Are Bill And Jo Just Going To Act Like They Don't Have Serious Issues In their Relationship?
And then there's the whole issue with Bill and Jo's marriage? Obviously, it wasn't the happiest or easiest of marriages. Sure, the couple have a shared interest (more like an obsession) and are both passionate about understanding tornados, but what happens to the couple when they go home and aren't out on the road chasing storms with their buddies and all sorts of distractions?
They obviously love one another and care for one another, but they don't seem to really work on the underlying issues of their marriage throughout the course of the movie? Aside from Bill's speech that happens to be played over the radio for some reason, the two don't really open up about their feelings; instead, they just chase or get chased by storms and then kiss while their colleagues watch on and the camera flies off into the air like Jo's dad.
But those aren't the only things that make sense in Twister. There's some science that doesn't really add up, but I'm neither a meteorologist nor a climatologist, so I'm not equipped to handle such conversations.
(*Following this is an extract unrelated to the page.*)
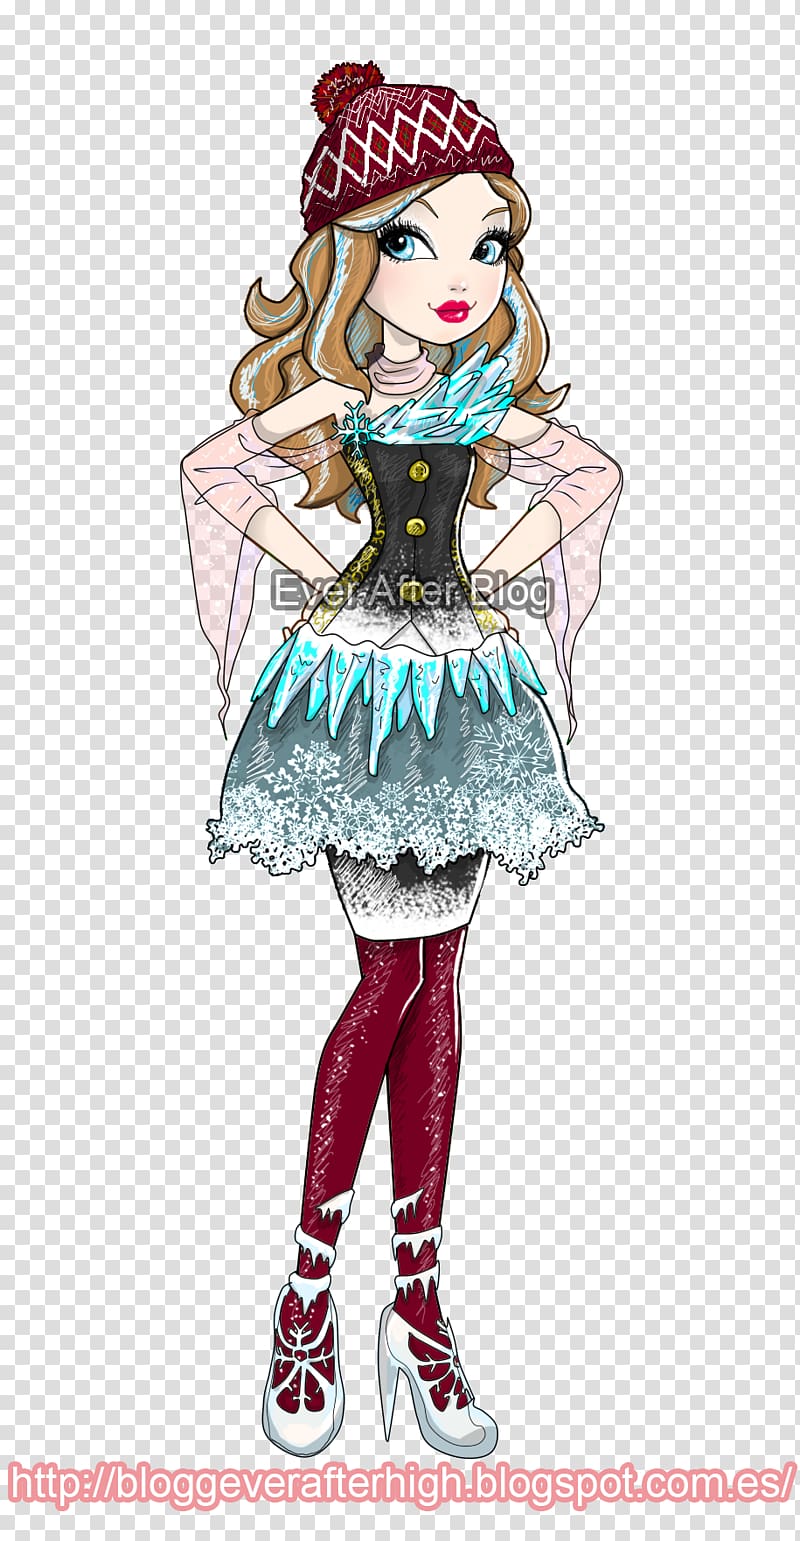 Ever After High The Snow Queen Daughter Doll, doll transparent background PNG clipart

Before I leave you, however, I will point out that what's up with the way Melissa looks at Dusty throughout the entire movie? The therapist looks at the storm chaser is equal parts disdain and passion. Why couldn't we have gotten a movie where those two get together and watch as Melissa tries to analyze the young daredevil's obsession with danger and chasing storms? And don't tell me there's fan-fiction about it because I will waste too much time reading it.